Ten new therapies are backed for approval in Europe

by | 28th Jun 2015 | News

Regulatory advisors in Europe have backed the approval of 10 new treatments, including two enzyme replacement therapies for rare diseases, cancer drugs, generics and ‘hybrid’ medicines.

Regulatory advisors in Europe have backed the approval of 10 new treatments, including two enzyme replacement therapies for rare diseases, cancer drugs, generics and ‘hybrid’ medicines.
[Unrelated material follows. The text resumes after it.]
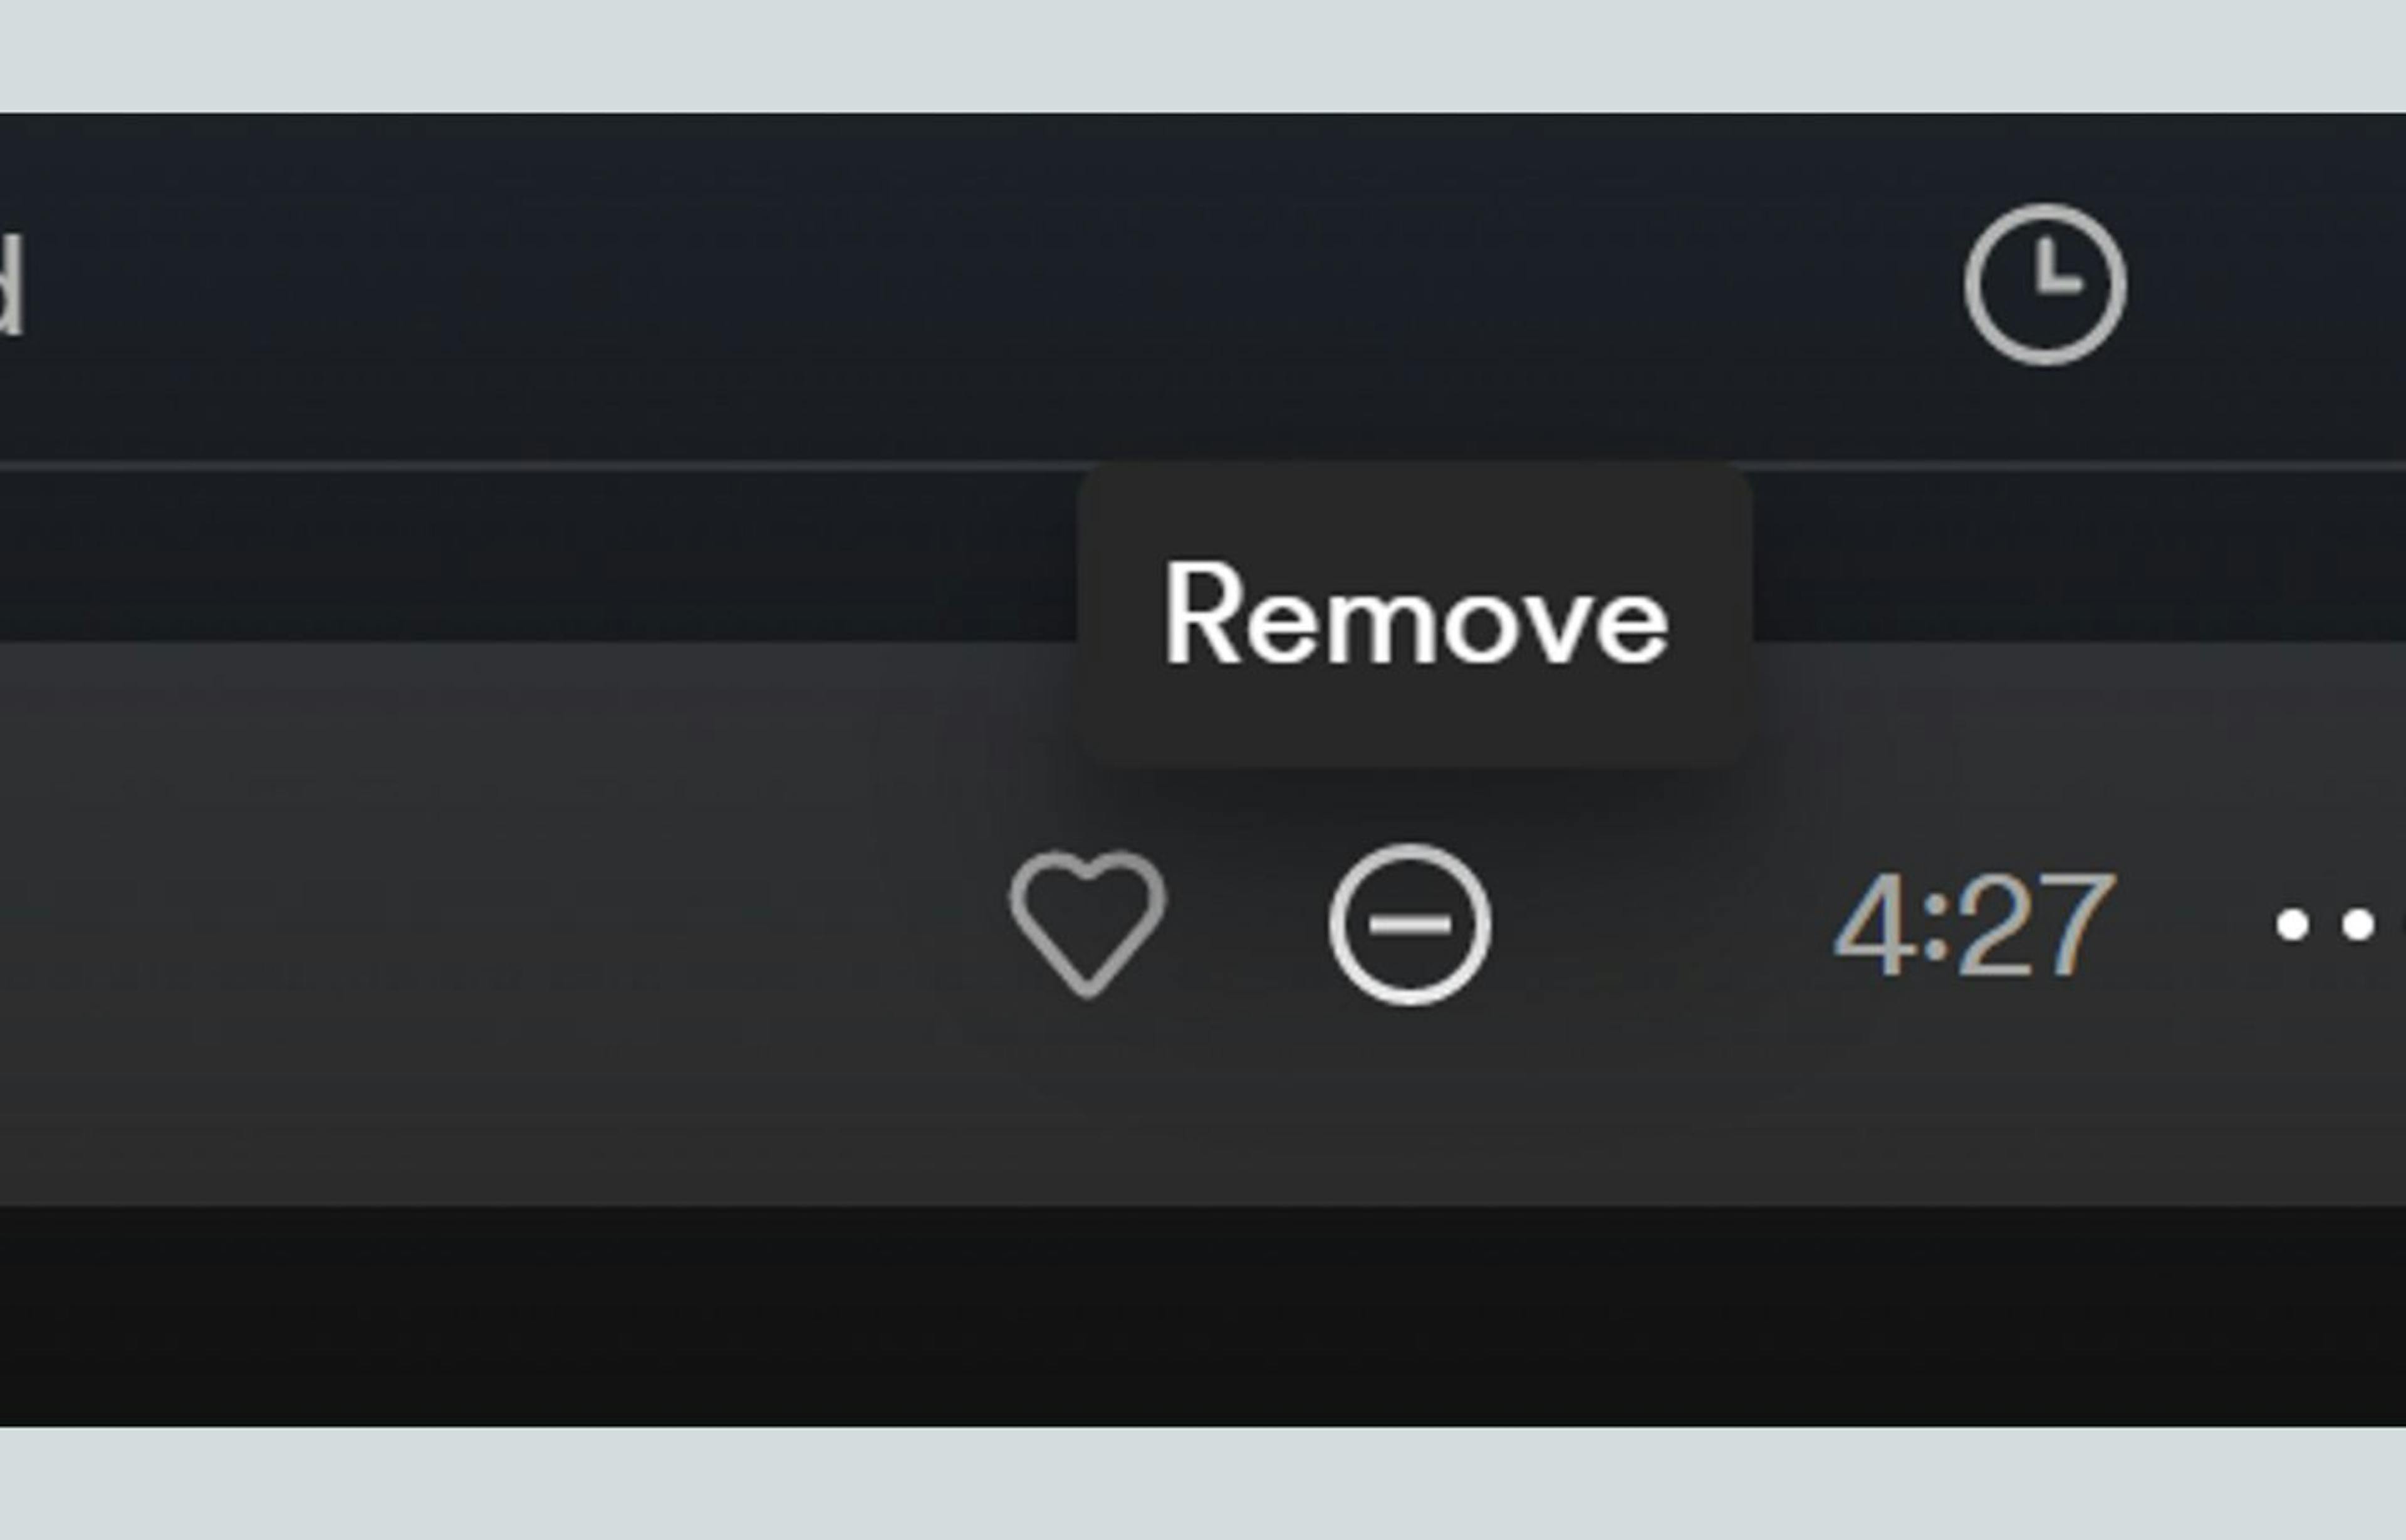 Nút xóa của Spotify cho phép người dùng làm rõ gợi ý, thông báo cho hệ thống muốn bớt xem các bài hát tương tự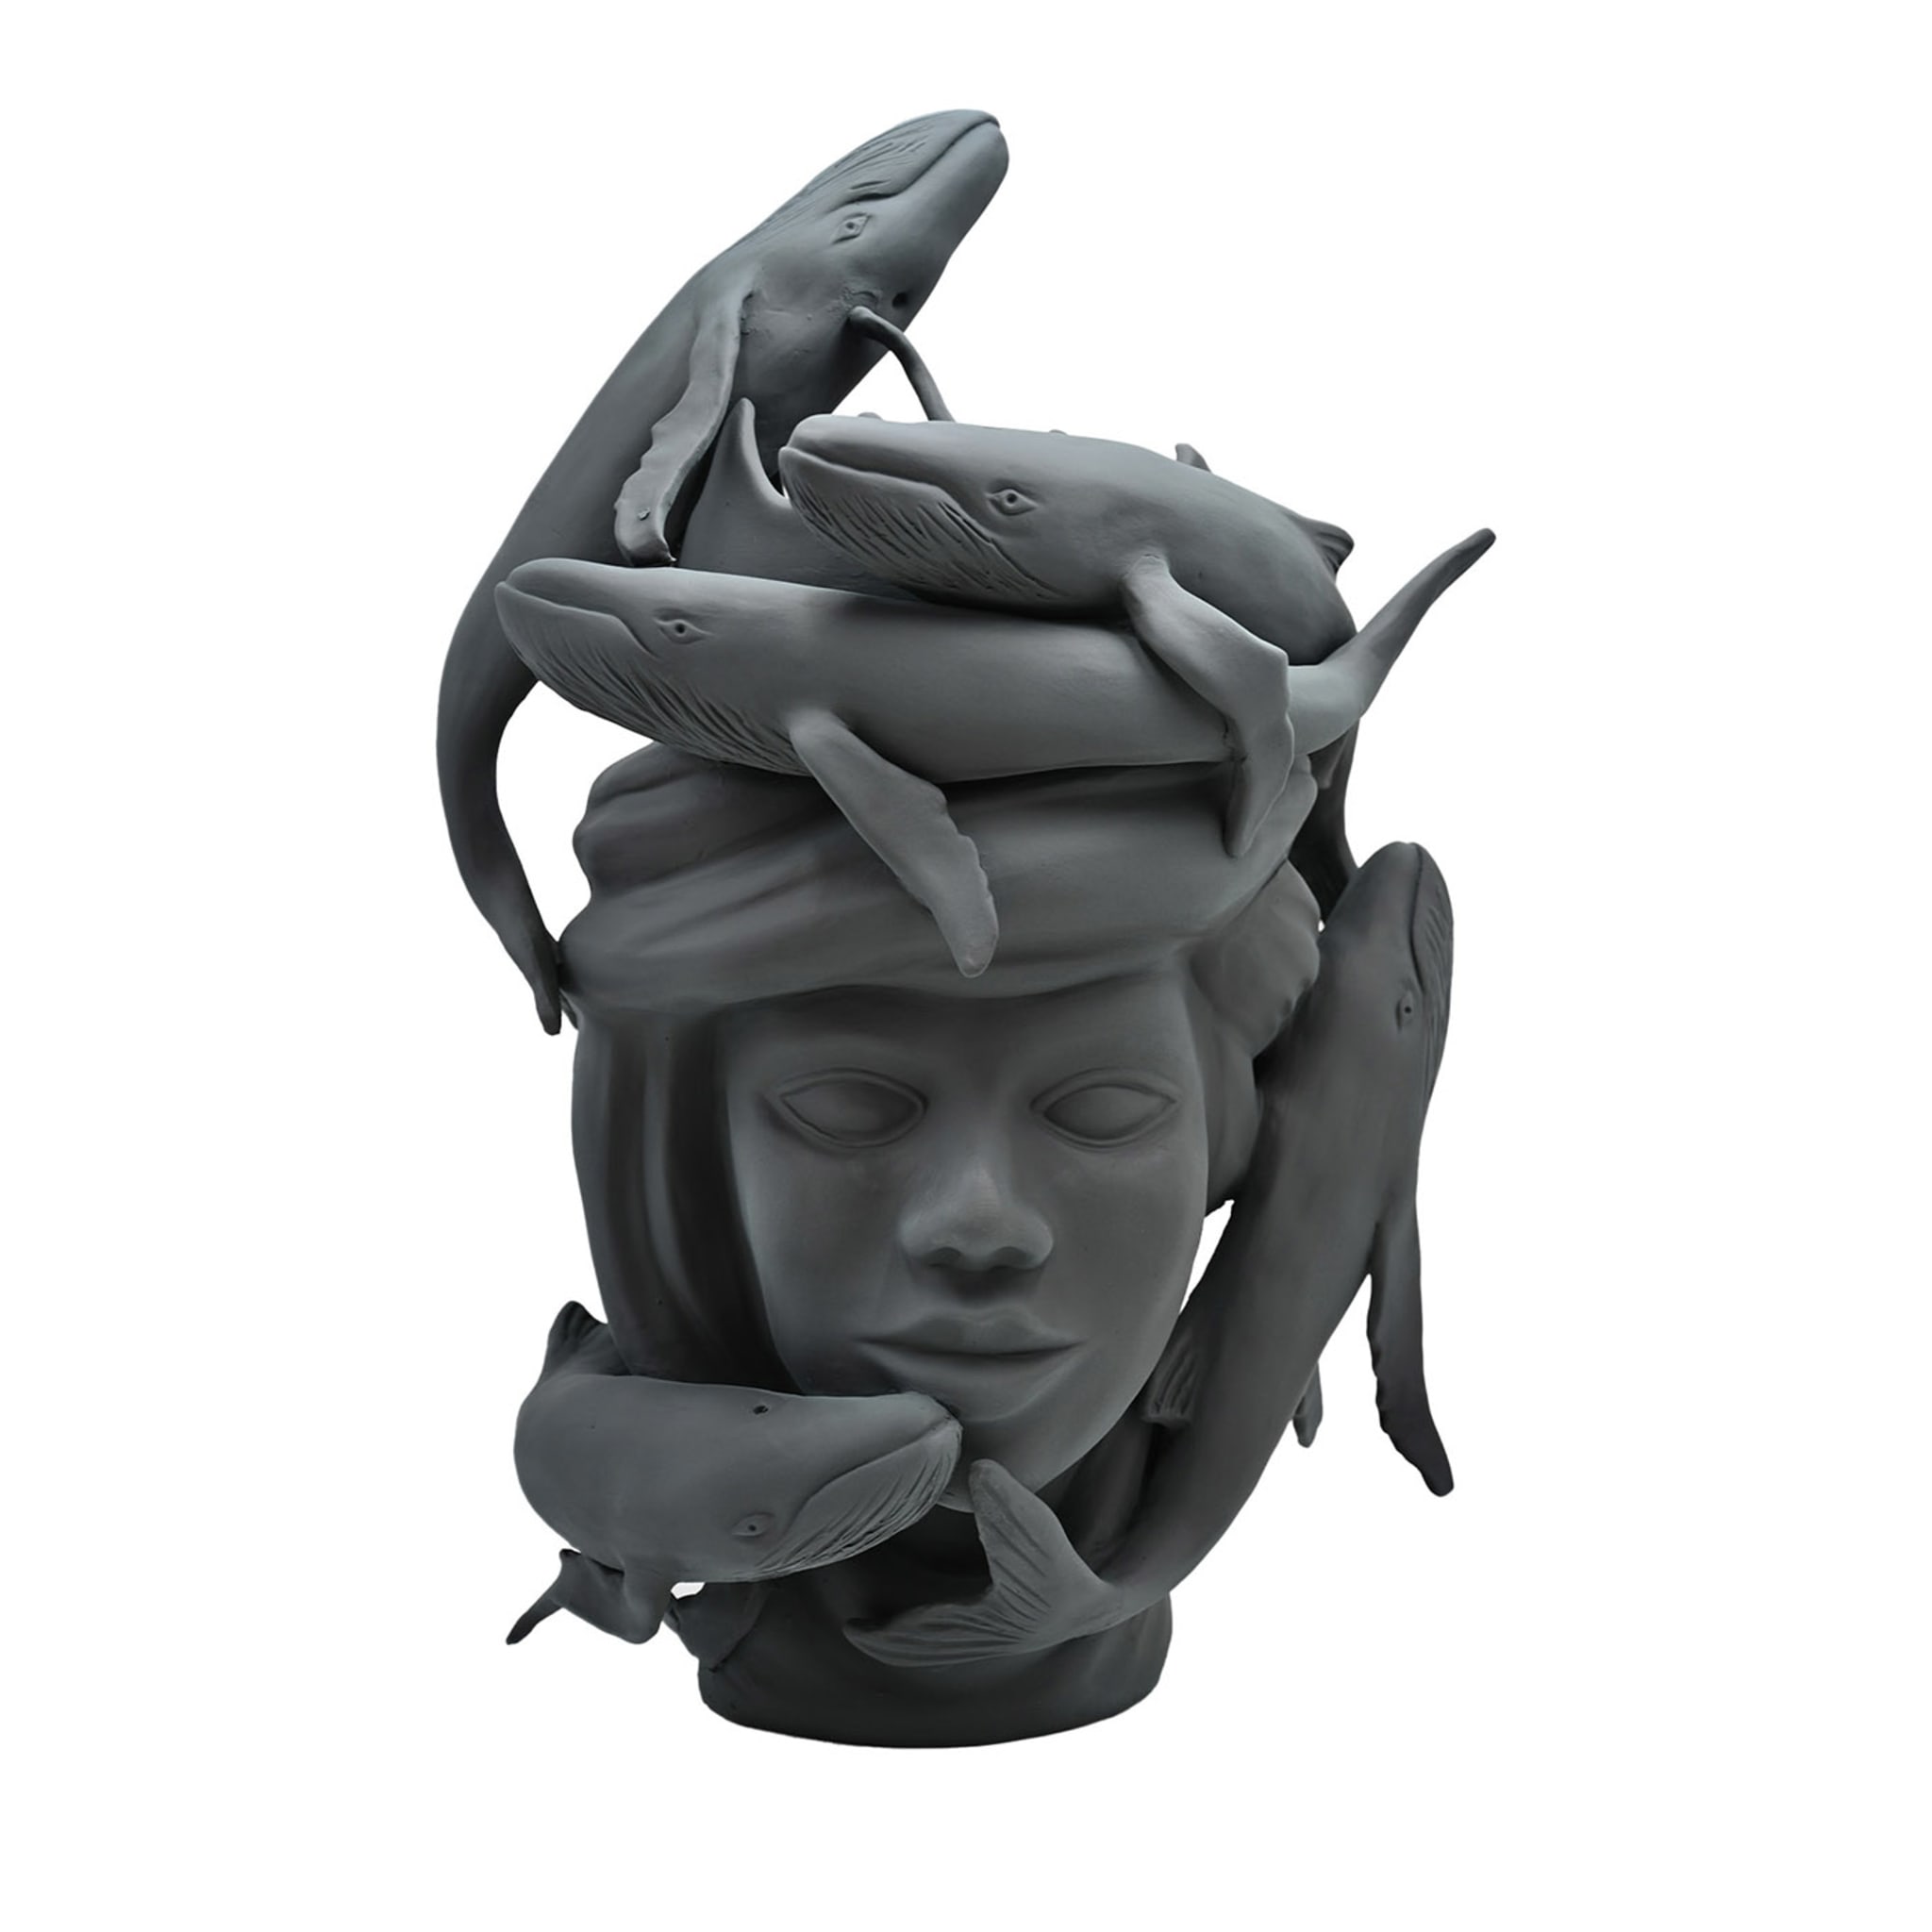 Moor's Head Sculpture in Charcoal Grey

Among this month’s batch of Committee for Medicinal Products for Human Use recommendations is Alexion’s Strensiq (asfotase alfa), the first therapy for hypophosphatasiais – a rare inherited metabolic disorder affecting the bones – in patients who have developed the disease in childhood.

Strensiq, which has also been designated orphan drug status, is being backed under ‘exceptional circumstances’ because safety and efficacy data are still limited due to the extreme rarity of the disease. Therefore, the CHMP has requested that further data be collected and submitted following authorisation.

Synageva BioPharma, which was acquired by Alexion last month, saw its enzyme replacement therapy Kanuma (sebelipase alfa) win favour as a treatment of lysosomal acid lipase deficiency, a rare and life-threatening genetic disease that can cause multiple organ damage. There is currently no approved therapy for this condition.

A marketing authorisation was also recommended for Novartis’ Farydak (panobinostat) for the treatment of relapsed and/or refractory multiple myeloma.

The drug, which also carries orphan designation, is the first cancer medicine to target enzymes known as histone deacetylases. Clinical trials showed that adding Farydak to Janssen’s Velcade (bortezomib) and dexamethasone slowed disease progression in patients with relapsed and/or refractory multiple myeloma who have received at least two prior standard therapies.

Elsewhere, Novartis’ Odomzo (sonidegib) picked up a positive opinion for basal cell carcinoma, while CSL Behring’s Respreeza (human alpha1-proteinase inhibitor) was put forward as a therapy for alpha1-proteinase inhibitor deficiency.

From the generic field, the CHMP supported approval of: Hospira’s Docetaxel Hospira UK (docetaxel) for breast cancer, non-small cell lung cancer, prostate cancer, gastric adenocarcinoma, and head and neck cancer; Zentiva’s Duloxetine Zentiva (duloxetine) for major depressive disorder, diabetic peripheral neuropathic pain and generalised anxiety disorder; and Accord Healthcare’s Pregabalin Accord (pregabalin) for the treatment of epilepsy and generalised anxiety disorder.

Two ‘hybrid’ medicines (when authorisation depends partly on test results with the reference medicine and partly on new data from clinical trials) received positive opinions from the Committee: Sandoz’ Aripiprazole Sandoz (aripiprazole) for the treatment of schizophrenia and the prevention and treatment of manic episodes in bipolar 1 disorder, and Santhera’s Raxone (idebenone) for the treatment of visual impairment in patients with Leber’s hereditary optic neuropathy.

On the downside, the Committee rejected Cytonet’s Heparesc (human heterologous liver cells) as a treatment for certain urea cycle disorders, because concerns on the design and conduct of the studies cast doubt on data, it said.